Wie spirituell sind wir? Und dürfen wir das?

Wie spirituell sind wir? Und dürfen wir das?

Seit kurzem mache ich Yoga. Weil es den Körper entspannt. Da wird am Anfang "Om" gesungen und am Schluss kommt ein Gesang mit "Shanti". Bin ich in einer Sekte gelandet? Oder ist das harmlos? "Wie unterscheiden sich die Geister" war heute Thema einer Gesprächsrunde hier beim Kirchentag. Einstiegsfrage: Ist Jürgen Flieges Heilwässerchen aus evangelischer Sicht noch okay?  Petra Bosse-Huber, Vizepräses der Evangelischen Kirche im Rheinland, meint: Nein. "Ich verstehe die Reformation so, dass sie eine klare Absage an Aberglaube und Missbrauch von Religion ist. Reformation ist die Versöhnung des Glaubens mit der Vernunft."

Gibt es überhaupt noch Sekten? So richti große eher nicht. Scientology zum Beispiel sei in letzter Zeit nur in Nordrhein-Westfalen gewachsen, erklärt Andrew Schäfer, Landespfarrer für Sekten und Weltanschauungsfragen der EKiR, aber auf kleinem Niveau. Ansonsten bastelten sich die Menschen ihre eigene esoterische Lebenshilfe-Religion zusammen. (Yoga mit "Om" könnte dazugehören, ich muss wohl Acht geben!) Das seien eher Szenen und Milieus, keine Organisationen.
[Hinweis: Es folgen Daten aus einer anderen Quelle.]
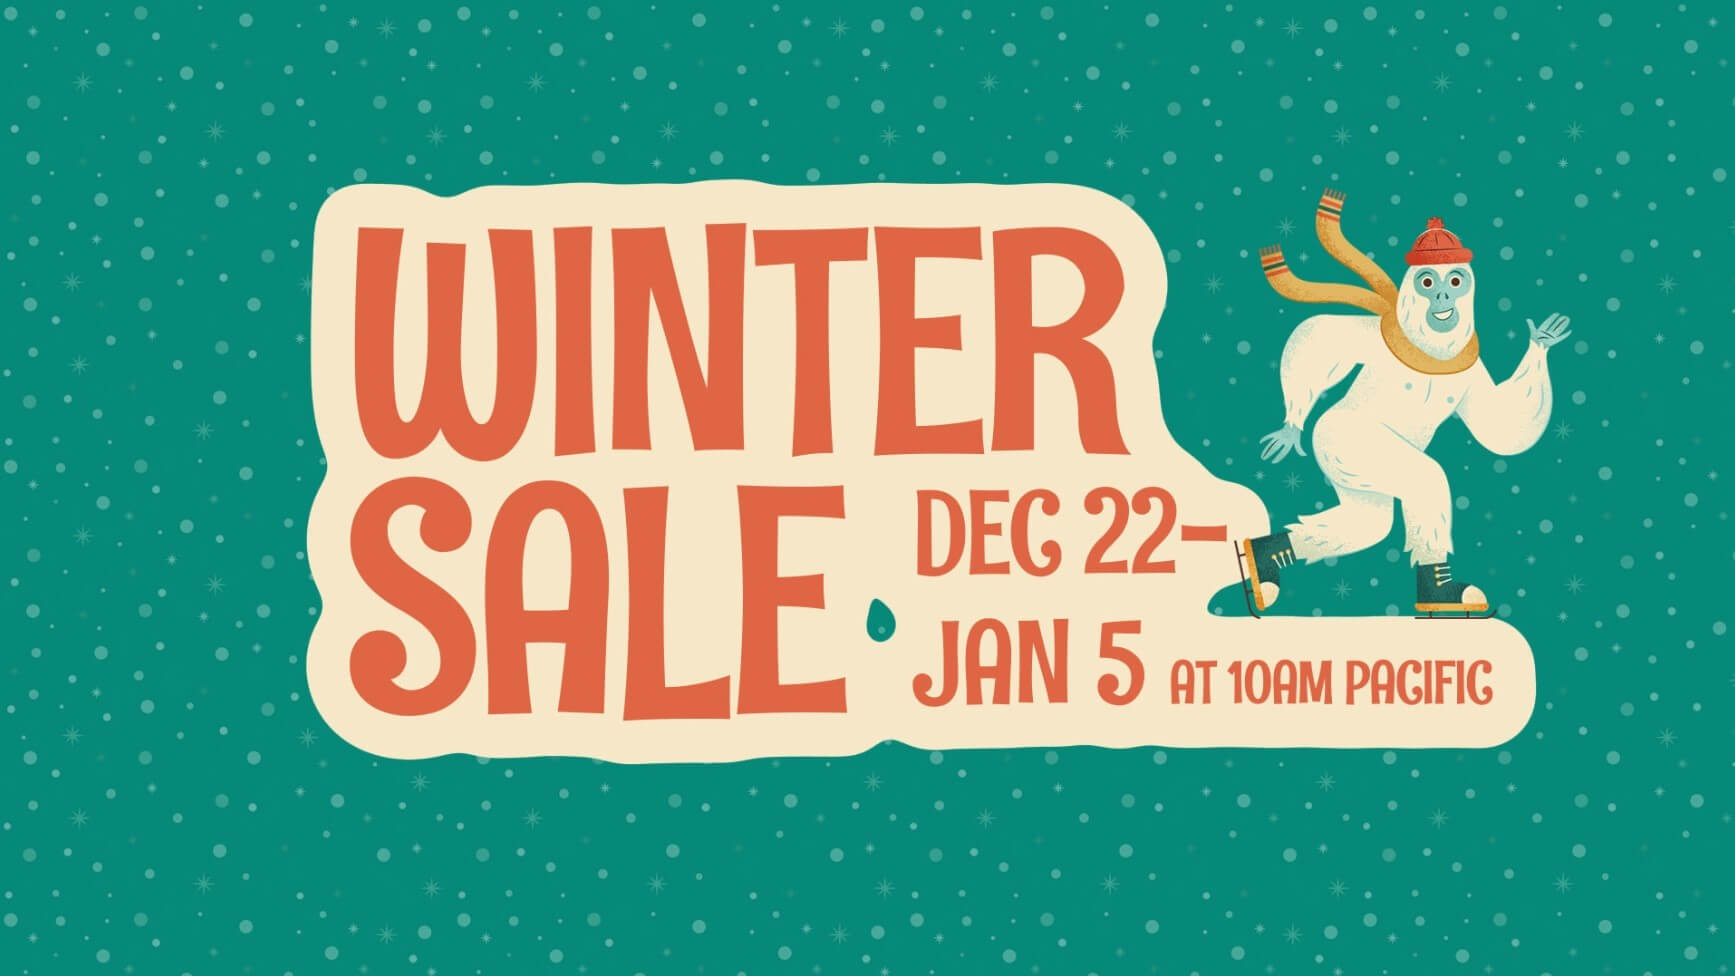 Games Steam Winter Sale 2021 (December) Find The Best Deals!

Vielleicht gibt es zu wenig Spiritualität in der evangelischen Kirche? Die drei Theologen auf dem Podium werden gefragt, wie spirituell sie denn selbst sind. Petra Bosse-Huber hält sich an Morgengebet und Bibellese, Andrew Schäfer an Losungen, Stille und frische Luft, und Rüdiger Maschwitz, Pfarrer i.R. und Kontemplationslehrer, versucht, den Tag mit der Stillen Zeit zu beginnen und einem Abendsegen zu beenden. Ziemlich reflektiert alle drei, typisch protestantisch.

Bei Andrew Schäfer melden sich Leute, die (oder deren Ehepartner) in die Fänge einer Sekte oder fundamentalistischen Weltanschauung geraten sind (letztere gibt es ja durchaus auch im evangelischen Bereich). Meistens, so Schäfer, lassen sich Leute von Fundis oder Esoterik-Gruppen anziehen, wenn sie in einem persönlichen Konflikt stecken und einfache Antworten. Die gibt es in der evangelischen Kirche nicht. "Wir geben zu, dass die Welt kompliziert ist", sagt Schäfer."

Bosse-Huber frotzelt: "Bei uns finden Sie nur Fragen, keine Antworten." Und widerlegt sich sogleich selbst mit der ersten Frage und Antwort des Heidelberger Katechismus', die nicht besonders schwierig ist. "Die müssen wir übersetzen für Kinder, Jugendliche, Erwachsene. Und das macht Spaß!" Übersetzen, nachdenken, erklären... Wir sind eben doch eine Religion des Wortes.